Critiquée pour son silence et sa passivité sur les naufrages de migrants clandestins en Méditerranée, l'Union africaine (UA) a rendu un timide hommage mercredi aux milliers d'Africains qui ont trouvé la mort sur le chemin de l'Europe ou du Moyen-Orient.
Lors d'une cérémonie organisée à son siège d'Addis Abeba, l'organisation continentale a lancé un appel aux dirigeants africains à faire davantage pour s'attaquer aux réseaux de passeurs.
"Le trafic humain est un business attractif, qui comporte peu de risques. Le risque d'être arrêté et jugé pour les passeurs est faible. Nous devons en faire une activité à risque pour le crime organisé", a expliqué Olawale Maiyegun, directeur des Affaires sociales de l'UA, rappelant que le profit généré par le trafic humain est estimé à 10 milliards de dollars par an.
Plus de 2.400 migrants ont trouvé la mort depuis le début de l'année, dont 1.829 en Méditerranée selon des chiffres de l'Organisation internationale des migrations (OIM), qui ne se fonde que sur les incidents constatés.
La majorité des migrants clandestins sont Africains, une crise révélatrice des défaillances des dirigeants africains dénoncent associations et personnalités.
"L'Union africaine réagit toujours en dernier! L'Europe a très rapidement organisé un sommet de crise. Les Africains fuient l'Afrique et risquent leur vie et la seule organisation continentale que nous avons ne réagit pas", s'agace Désiré Assogbavi, le représentant de l'ONG Oxfam auprès de l'Union africaine. M. Assogbavi appelle les responsables africains à adopter un plan d'action pour faire cesser l'hémorragie des départs.
"La Chine a su contenir sa force de travail pour se hisser au rang des grandes puissances et nous, nous les laissons partir", ajoute t-il.
Une poignée d'ambassadeurs
Ces propos font écho à ceux du gynécologue congolais Denis Mukwege, prix Sakharov 2014 du Parlement européen pour les droits de l'Homme, qui déplorait lundi à Rome le silence des dirigeants africains face aux drames de l'immigration en Méditerranée.

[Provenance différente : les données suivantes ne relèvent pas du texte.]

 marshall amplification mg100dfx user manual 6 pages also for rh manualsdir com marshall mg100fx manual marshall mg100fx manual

Alors que les Européens "s'indignent quand il y a 1.800 morts, on aurait bien voulu qu'il y ait un sommet spécial des présidents (africains), ne serait-ce que pour pouvoir exprimer leur indignation et voir à leur niveau ce qu'ils peuvent faire pour éviter ces drames", a-t-il déclaré à l'AFP, en marge d'une conférence à Rome sur la Méditerranée.

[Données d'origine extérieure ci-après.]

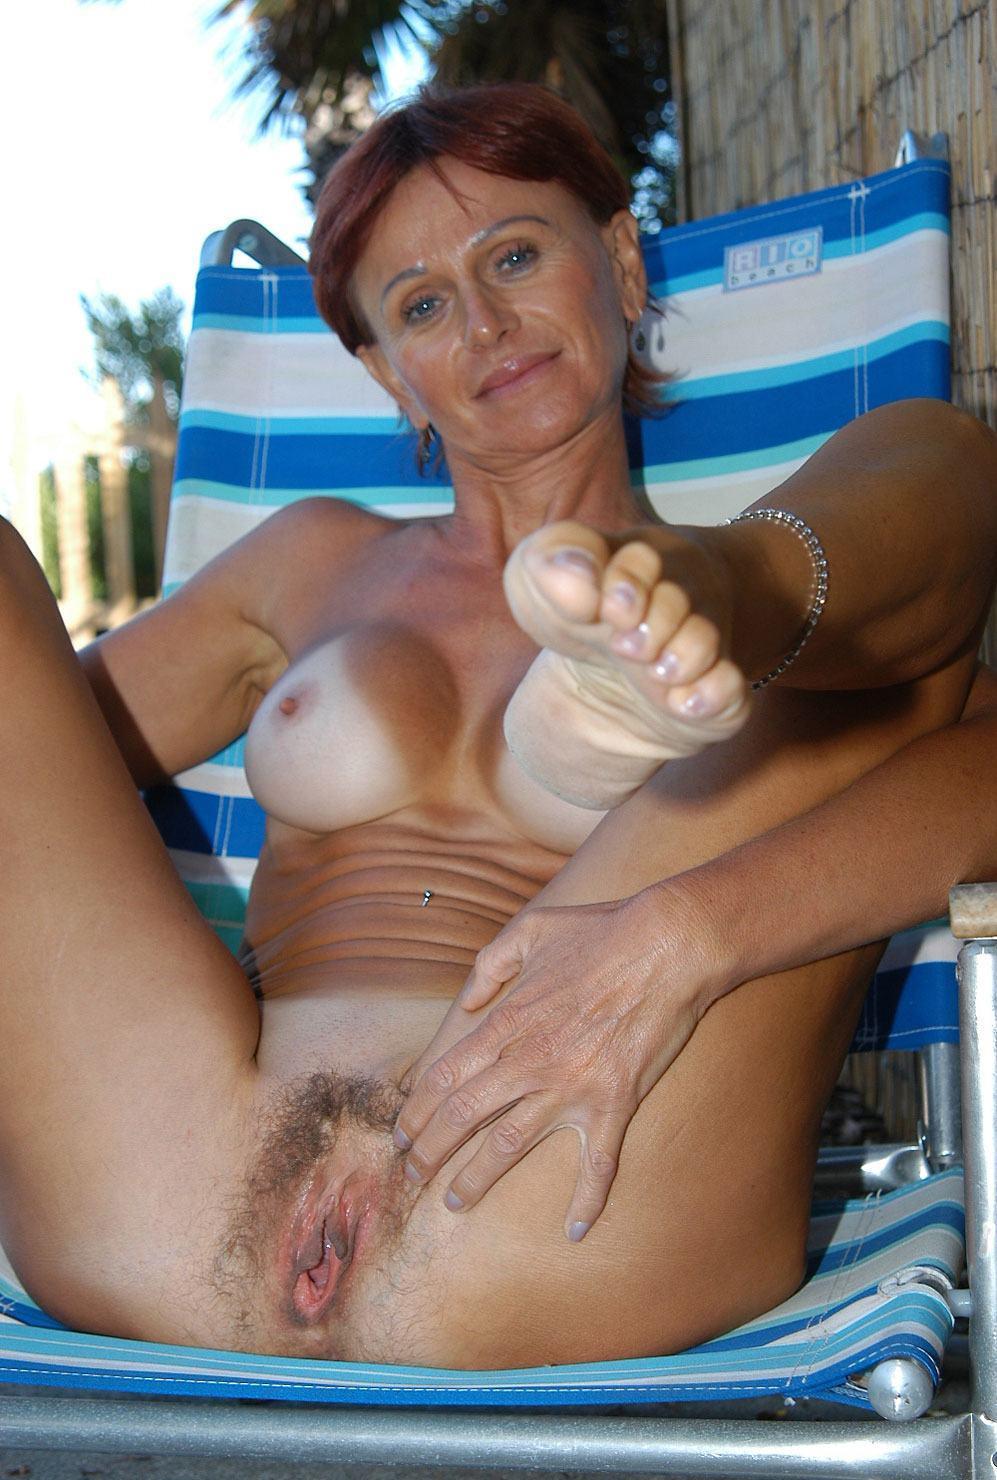 nude women trailer park pussy

De fait, la cérémonie de mercredi, la première du genre au siège de l'Union africaine, n'a attiré qu'une poignée d'ambassadeurs africains et de dignitaires. Une grande partie du Hall Nelson Mandela est restée vide. La présidente de la Commission, Nkosazana Dlamini-Zuma n'a pas assisté à la commémoration au cours de laquelle des religieux chrétiens et musulmans ont prononcé des bénédictions.
L'ambassadeur éthiopien a insisté sur le fait que son pays avait commencé à prendre des mesures. "Nous sommes en train de changer nos lois et nous avons commencé des campagnes de sensibilisation dans les communautés" a assuré Wahade Belay, en référence aux efforts du gouvernement éthiopien pour durcir les sanctions contre les réseaux de passeurs. L'Éthiopie figure parmi les pays d'où sont originaires un grand nombre de migrants.
La crise des migrants figure à l'agenda du sommet des chefs d'État de l'Union africaine qui se tiendra le mois prochain à Johannesburg (Afrique du Sud).